I need help on this question:
Light bulbs are often assumed to obey Ohm's law. However, this is not really true because their resistance increases substantially as the filament heats up in its "working" state.
A typical flashlight bulb at full brilliance draws a current of approximately 0.5 A when connected to a 3-V voltage source. For this problem, assume that the changing resistance causes the current to be 0.5 A for any voltage between 2 and 3 V.
Suppose this flashlight bulb is attached to a capacitor as shown in the circuit from the problem introduction. If the capacitor has a capacitance of 3 F (an unusually large but not unrealistic value) and is initially charged to 3 V, how long will it take for the voltage across the flashlight bulb to drop to 2 V (where the bulb will be orange and dim)? Call this time tbright.
Express t_bright numerically in seconds to the nearest integer.
t_bright = 12 seconds
To solve this problem, we need to determine how the voltage across the flashlight bulb changes over time when connected to the given capacitor. We can use the concept of time constant, which represents the time it takes for the voltage across a capacitor to change by approximately 63.2% of its initial value.
The time constant (τ) is given by the equation: τ = R * C, where R is the resistance and C is the capacitance. In this problem, we are given the capacitance of the capacitor as 3 F.
The resistance of the flashlight bulb is not constant, but we are told that it draws a current of approximately 0.5 A for any voltage between 2 V and 3 V. To find an equivalent resistance that would give us the same current of 0.5 A at 3 V, we can use Ohm's law: R = V / I.
So, R = 3 V / 0.5 A = 6 Ω.
Now that we have the resistance (R) and capacitance (C), we can calculate the time constant (τ):
τ = R * C = 6 Ω * 3 F = 18 s.
The time constant represents the time it takes for the voltage across the flashlight bulb to decrease to approximately 37% of its initial value. In other words, after one time constant (τ), the voltage across the bulb drops from 3 V to 3 V * 0.368 = 1.104 V.
To find the time it takes for the voltage across the bulb to drop from 3 V to 2 V (i.e., from full brilliance to orange and dim), we can set up the following equation:
2 V = 3 V * e^(-t/τ),
where t is the time we want to find.
Rearranging the equation, we get:
e^(-t/τ) = 2/3.
Taking the natural logarithm (ln) of both sides:
-t/τ = ln(2/3).
Solving for t:
t = -τ * ln(2/3).
Plugging in the value for τ, we can calculate:
t = -18 s * ln(2/3) ≈ 6.24 s.
Rounding to the nearest integer, the time it takes for the voltage across the flashlight bulb to drop to 2 V is approximately 6 seconds.
To solve this problem, we can use the equation that relates voltage, current, and time for a capacitor discharge. The equation is:
V = V₀ * e^(-t/RC)
where:
- V is the voltage across the capacitor at time t
- V₀ is the initial voltage across the capacitor
- e is the base of the natural logarithm (approximately 2.71828)

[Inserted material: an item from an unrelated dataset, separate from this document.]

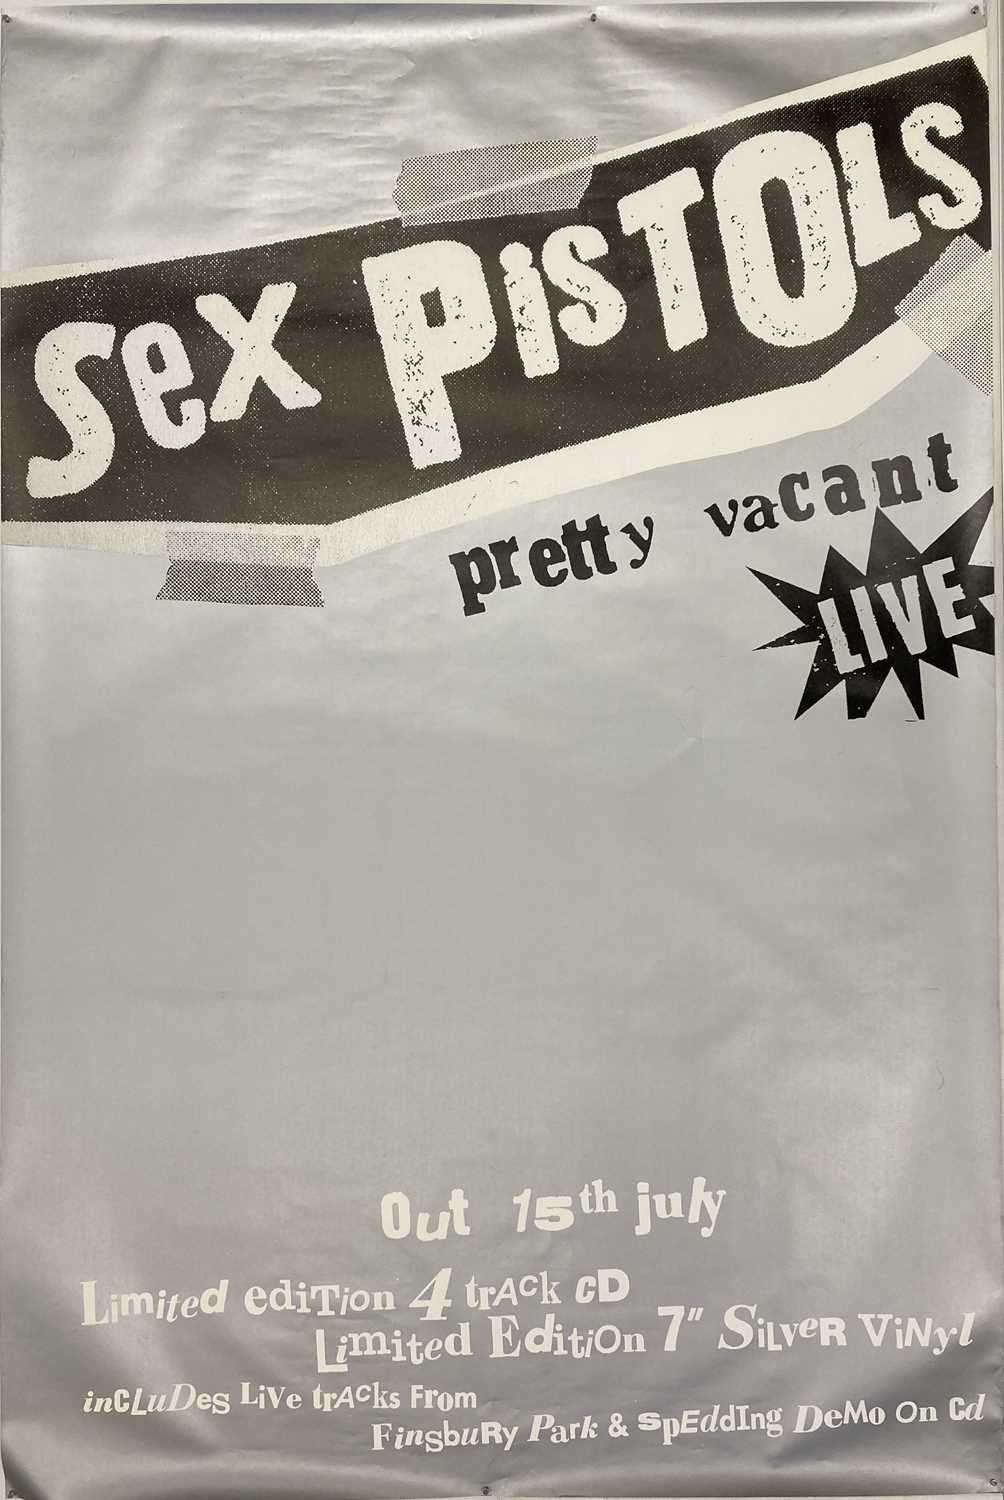 Lot 152 Sex Pistols Billboard Posters

- t is the time in seconds
- R is the resistance (changing in this case due to the filament heating up)
- C is the capacitance
In this case, we want to find the time it takes for the voltage across the flashlight bulb to drop to 2 V. The initial voltage is 3 V, the final voltage is 2 V, the capacitance is 3 F, and the resistance is not provided directly.
Since the problem states that the current through the bulb is 0.5 A for any voltage between 2 and 3 V, we can assume that the resistance is constant at any voltage within this range. Therefore, we can use Ohm's Law to derive the resistance:
R = V / I = 3 V / 0.5 A = 6 Ω
Now we can substitute the values into the equation and solve for t:
2 V = 3 V * e^(-t / (6 Ω * 3 F))
To solve for t, we need to isolate it. Starting by dividing both sides by 3 V:
2/3 = e^(-t / (6 Ω * 3 F))
Taking the natural logarithm (ln) of both sides to remove the exponential:
ln(2/3) = -t / (6 Ω * 3 F)
Now, we can solve for t by isolating it:
t = -ln(2/3) * (6 Ω * 3 F)
Using a calculator, we can find the value of t:
t ≈ -ln(2/3) * (6 Ω * 3 F) ≈ 3.1976 s
Rounding to the nearest integer, the time it takes for the voltage across the flashlight bulb to drop to 2 V is approximately 3 seconds.